Sara didn't know why she tilted her head up to meet Horatio's lips as he leaned toward her. She told herself, even as their lips touched, that she shouldn't be doing this. She'd promised Grissom in her letter that he was her one and only. She'd stated that.

But then, she'd been wrong before.

Horatio was different. He was suave, warm, and exciting. It had taken Grissom years to give her a chance, and here was this man who'd known her for less than a week, and had already made a connection with her.

She had more in common with him than anyone she'd ever met.

He rested his lips on hers, and they didn't move.

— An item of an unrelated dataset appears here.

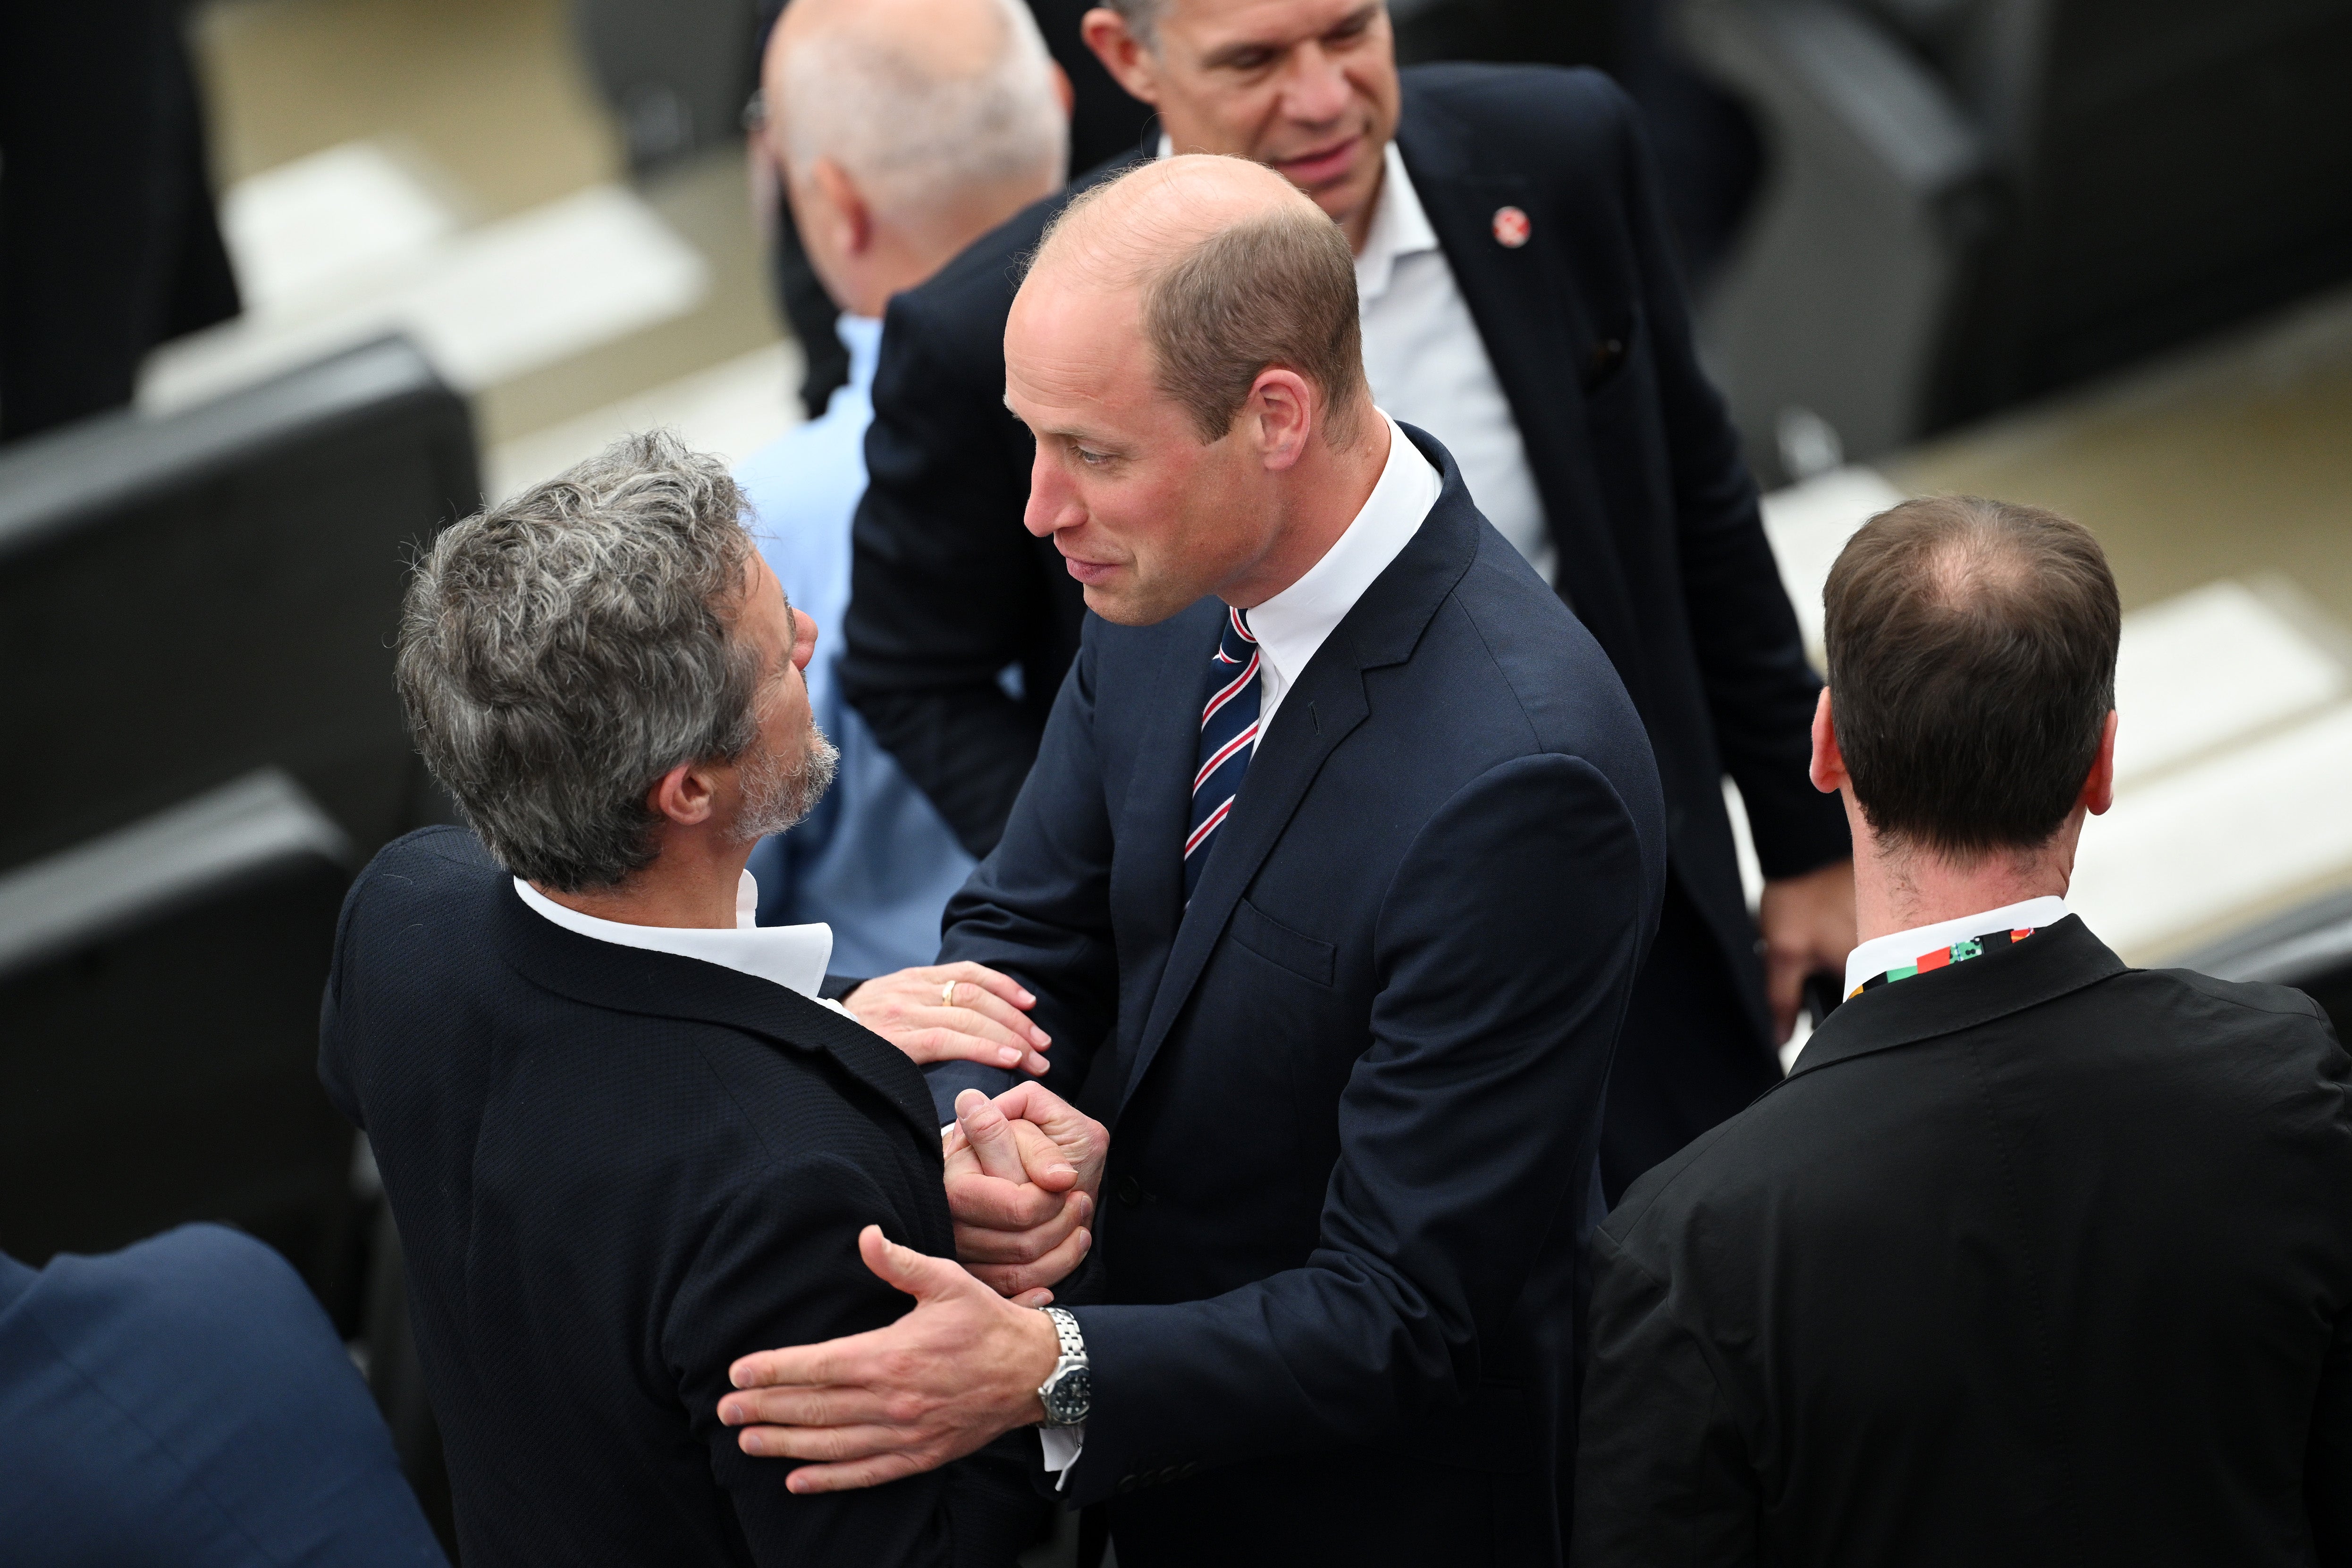 Prince William is the president of the FA.

Then she lifted her hand to his cheek. He deepened the kiss. Sara forgot about her compunctions and wrapped her arms around his back. Her lips parted, and molded to fit his.

Horatio broke the kiss and slowly drew back, gazing at her.

As she realized what she had just done, she couldn't believe it. She got up and turned away.

He frowned and stood to join her, but he didn't touch her. "What's wrong?"

"Nothing. I'm sorry. It's not you. It's just...not...you," she finished quietly.

He saw her guilt and confusion, and the sudden weariness of her face as she fought against tears. He nodded with understanding. "He's a very lucky man," he said softly.

"I think he would disagree. His fiancée left him, and didn't even have the guts to say goodbye in person."

"I'm sure he understands."

"Would you? I loved him more than anything else in the world, and I couldn't even stay in Vegas for him."

"Because it wasn't about him." Horatio moved next to her so he could see her face. She didn't meet his eyes. "It's about you. You have to know who you are before you can share your life with someone else."

Sara looked at him. In his eyes, instead of the anger and disappointment she'd been expecting, was sympathy. He kept her gaze for a long moment, then smiled gently.

"I'll see you tomorrow at the lab," he said, and began to walk away. "Goodnight, Sara."

She watched him walk away. She almost told him to wait. She wanted him to stay, wanted it with half her heart.